Рубашкин покраснел, однако же достал бумажник.
— Вы меня спасли, первые дали верный совет, повезли в город, даже на овес моему буланому тогда дали, через вас я все получил. Я помню все это… Вот вам… пятнадцать рублей! Более не могу, извините. Берите их как благодарность, а не взаймы.
Священник взял деньги. «Фу, гадость! — подумал он, — это за все-то».
— А больше нельзя? — сказал он, — ведь тут и акушерки не на что пригласить!

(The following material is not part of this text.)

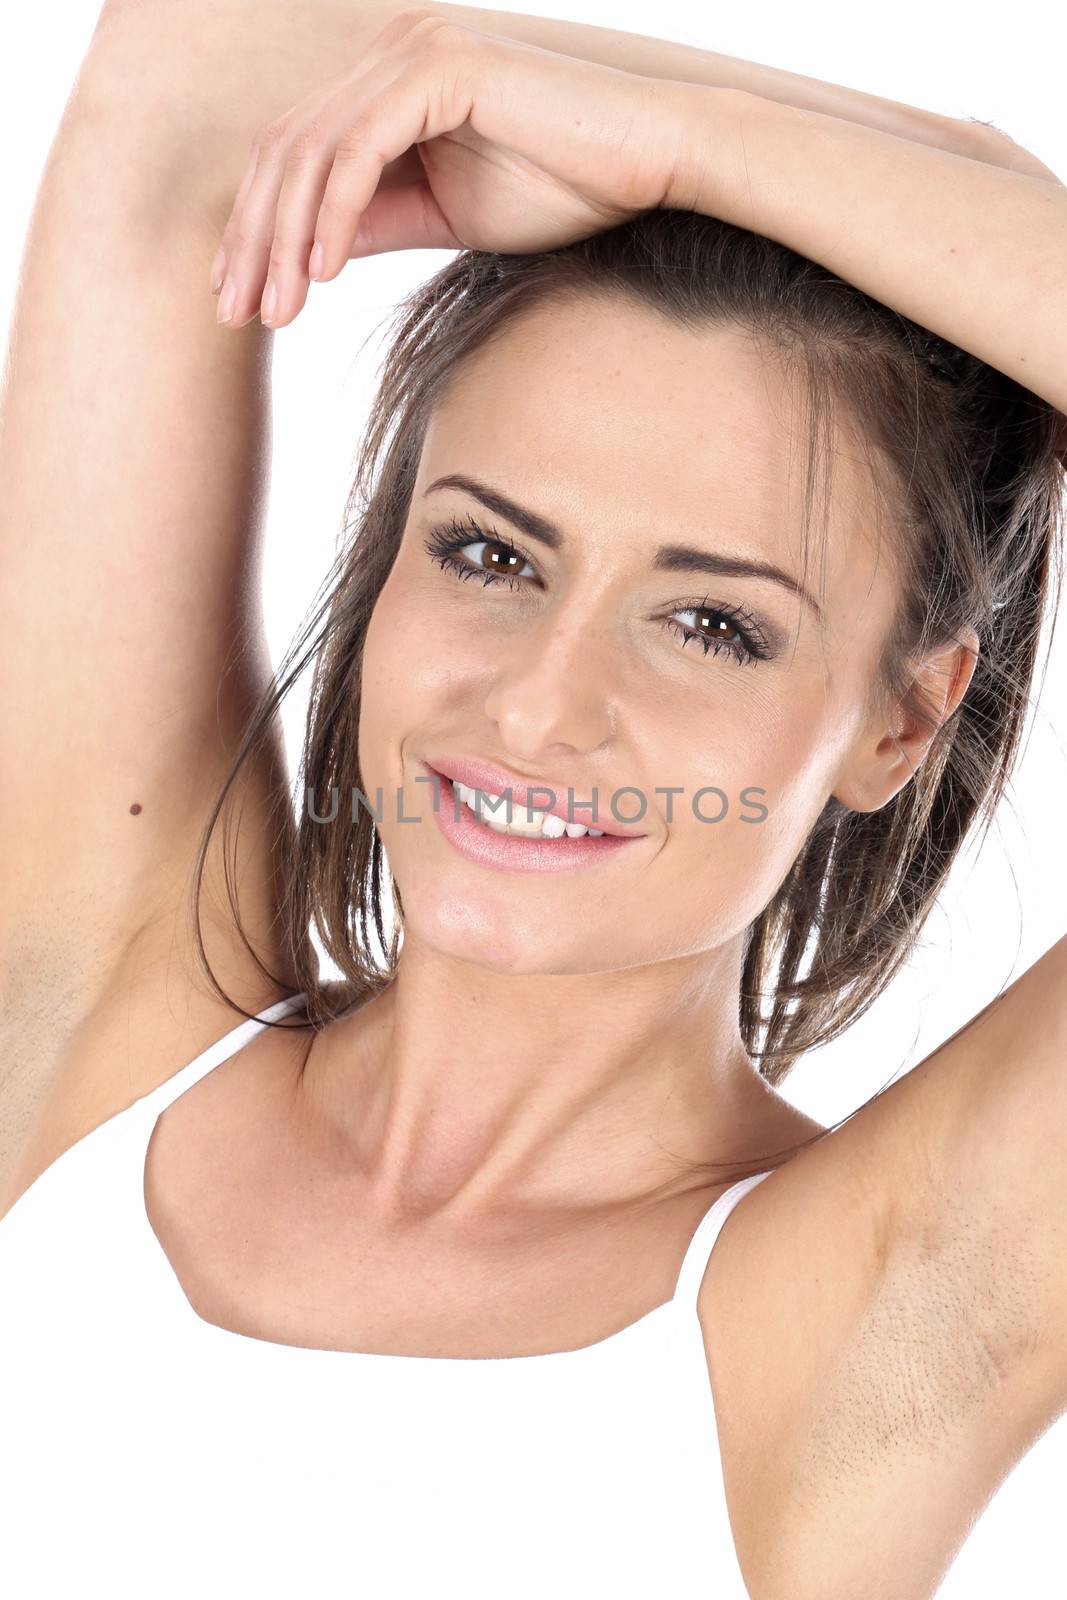 Model Released. Happy Young Woman Portrait by Whiteboxmedia

Рубашкин, покраснев еще более, подумал: «Эге! да и ты, кажется, к вещественному падок!» — и отвечал: — Извините, более не могу! — хоть у него было еще более двухсот рублей.
Священник ушел.
Рубашкин съездил снова в город, заложил откупщику Конский Сырт, взял у него еще не три, а пять тысяч рублей под это имение и остался делать необходимейшие закупки в городе. Он остановился опять у Саддукеева. Беспардонный учитель гимназии оказался с первой их новой встречи еще более в ударе на всякие комические выходки, смешил генерала трое суток сряду, снабдил его кучею городских анекдотов и сплетен и угостил его неимоверным каким-то казачком, который заставил проплясать своих оборванных и запыленных детей, а сам при этом хохотал, как помешанный, закидывая назад огромную голову с большими сквозными ушами и грызя до крови давно обкусанные ногти. На прощанье, однако, он сказал генералу:
— В гимназии вышла история; я сболтнул там одну штуку ученикам. Против меня теперь ведут подкоп; немудрено, что меня и отставят. Тогда, надеюсь, не откажете меня принять к себе хоть в приказчики? А?

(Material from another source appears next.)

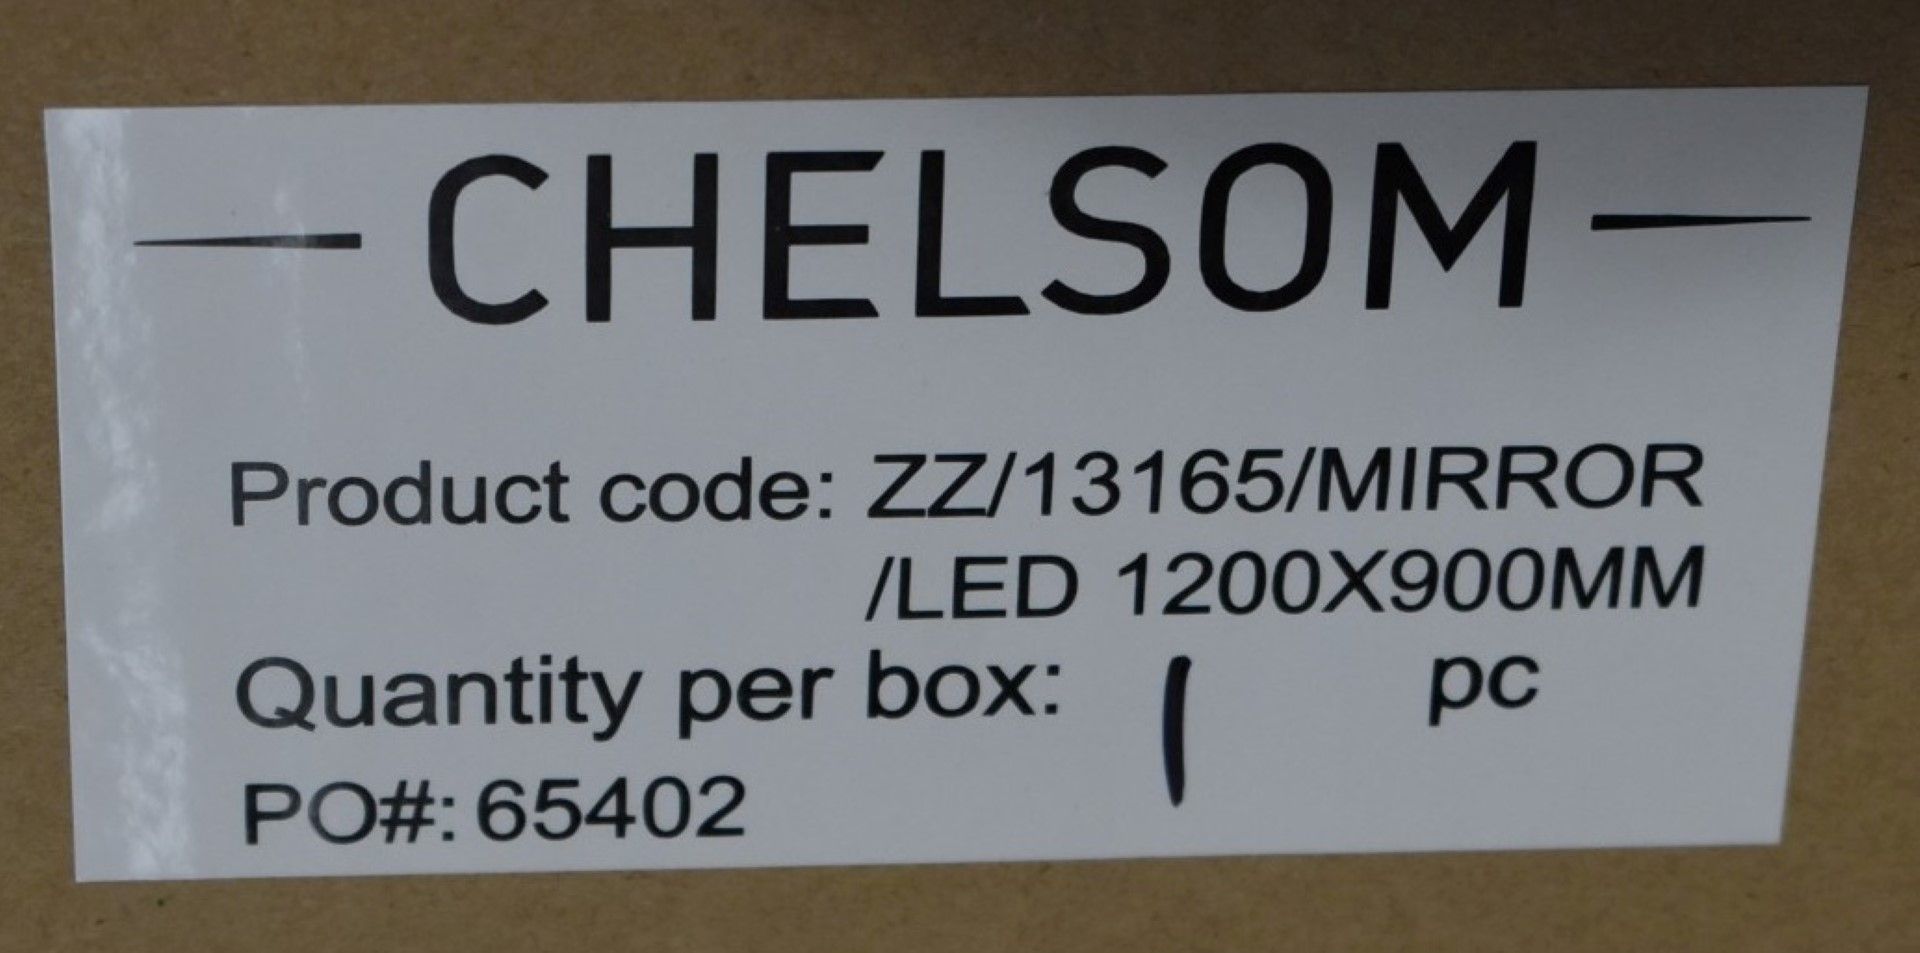 1 x Chelsom Large Illuminated LED Bathroom Mirror With Demister - Brand New Stock - As Used in Major - Image 3 of 14

— О, разумеется! — ответил генерал, снова краснея, замолчал и уехал надутый, провожаемый маханьями Саддукеева, который даже влез на крышу и на радости выпустил всех голубей.

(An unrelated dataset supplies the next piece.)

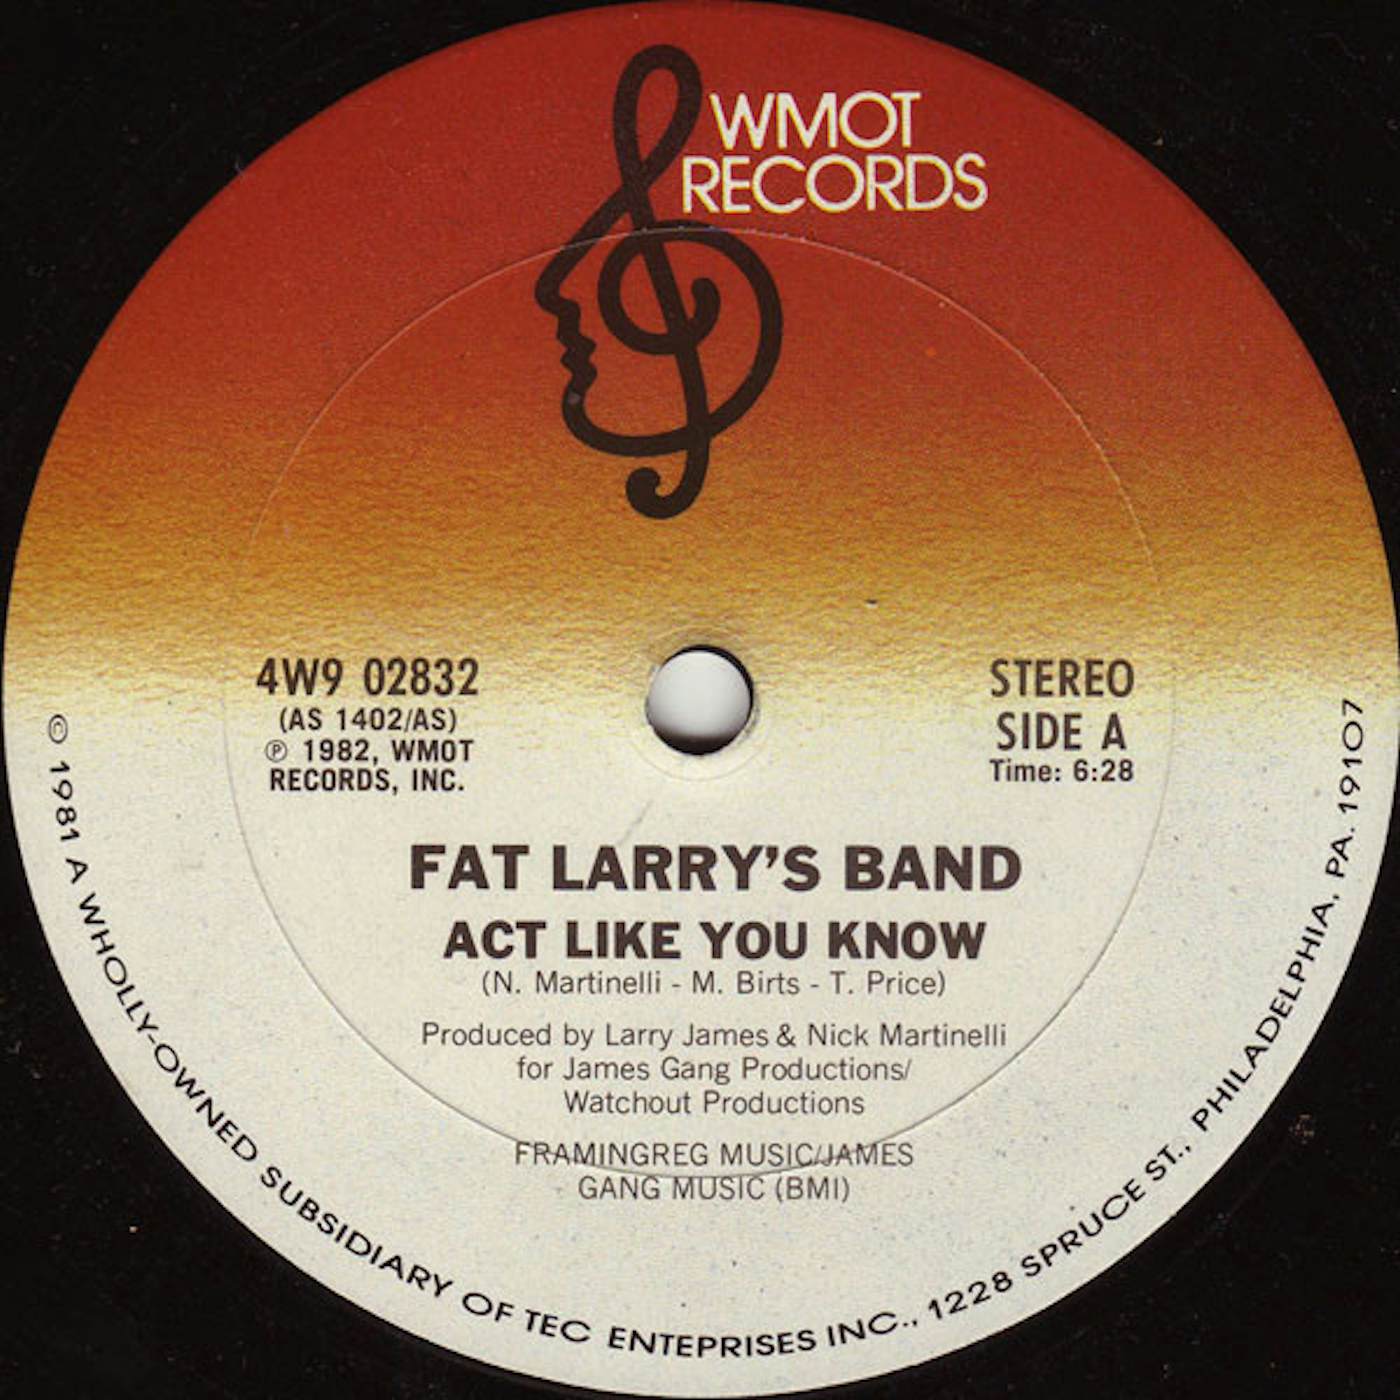 Fat Larry's Band Act Like You Know Vinyl Record

Явились в Конском Сырте рабочие, явилась и окончательно устроенная наемная прислуга. Рубашкин все приладил в две-три недели отлично. Отделал в особенности с любовью свой кабинет, из окон которого, сквозь главную аллею сада, была видна на скате бугров вся Есауловка и обе ее церкви. По столу и диванам в этом кабинете и в зале, ознаменованной недавними битвами, явились в изобилии деловые бумаги, хозяйственные книги и счеты. Поля зачернели полосами пахоти под зябь. Скупались рожь и озимая пшеница на посев. В двух концах поля стали прохаживаться небольшие соседские гурты скота, пущенные сюда за хорошие деньги до первого снега. Словом, чего желал и добивался воротившийся с чужбины к родному краю и делу Рубашкин, то и случилось.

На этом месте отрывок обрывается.